Até quando vamos assistir esse ensandecido choque das ganâncias? Até quando o Brasil será refém dessa descompassada e franzina disputa? Até o dia em que a lucidez e a sensatez política forem maiores do que as múltiplas conveniências do utilitarizado universo político. O que estamos observando não é a sonhada luta pelo fortalecimento e consolidação da democracia, nada disso, o que estamos assistindo é uma batalha entre a faminta boca e os esbugalhados olhos, a interminável pugna do Ter e do Ser, onde pouquíssimos têm e quase ninguém é!

No meio dessa transloucada rivalidade, o que mais nos assombrosa é a insensibilidade dessas duas extremadas alas, que não respeitam a dor e o luto daqueles que estão sangrando com a sombra da incerteza e com a irreversível dor da perda. Parece que a petrificada e hedonita confissão do neopragmatismo político apoderou-se do sentimento, preceituando que coisas são muito mais importantes do que pessoas, no qual não importam os princípios e os valores, o que realmente importa é o resultado, muitos deles injustos, penosos e declaradamente desonrosos.
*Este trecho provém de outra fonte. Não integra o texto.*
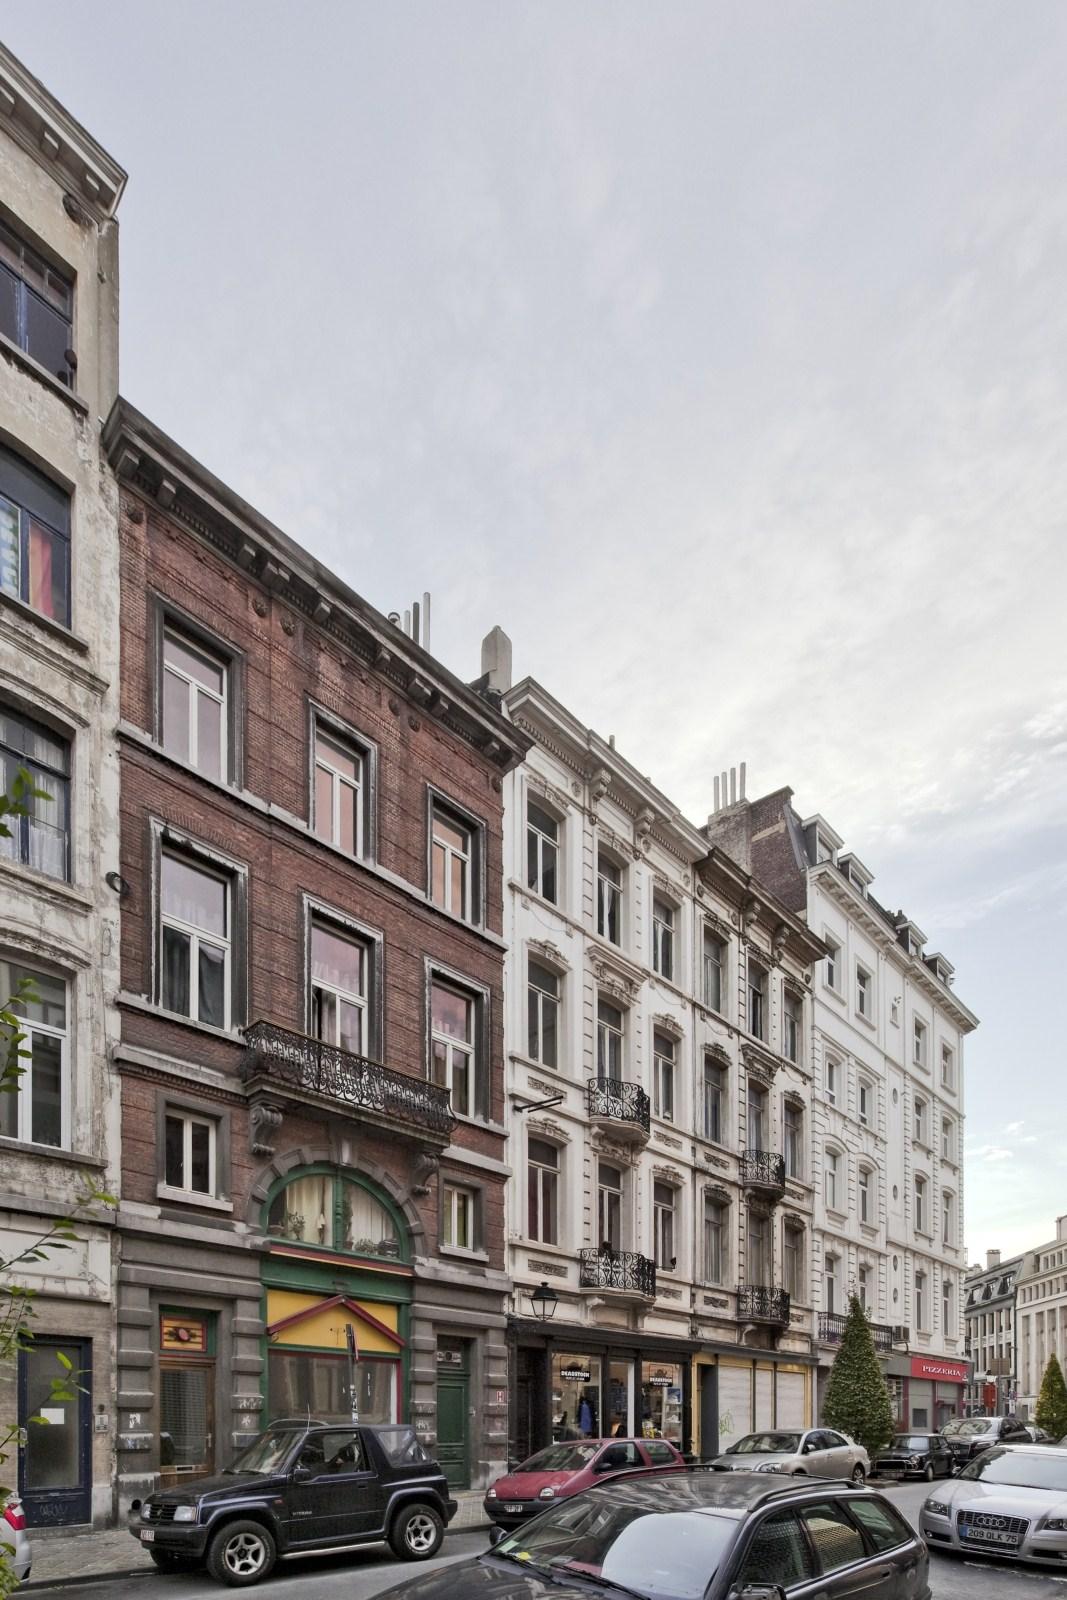 Rue de l'Athénée 1 à 7, enfilade néoclassique d'immeubles de rapport à rez-de-chaussée commercial.© 2009 © bepictures / BRUNETTA V. – EBERLIN M.

Enfim, não é o momento para injustificadas tensões e bazarosos oportunismos, é hora de reflexão, do reencaminhamento da solidariedade e da necessária reespiritualização política. É hora de combater o egoísmo, a mesquinhez e todo tipo de filosofia contrária ao escasso equilíbrio. É hora de calar o Bolsonaro e o Lula que existe em nós, caso contrário, vamos engrossar o indecoroso coral dos desalmados, da ignorância e da morte!

Mais brasilianidade, menos bolsonarismo e menos lulopetismo.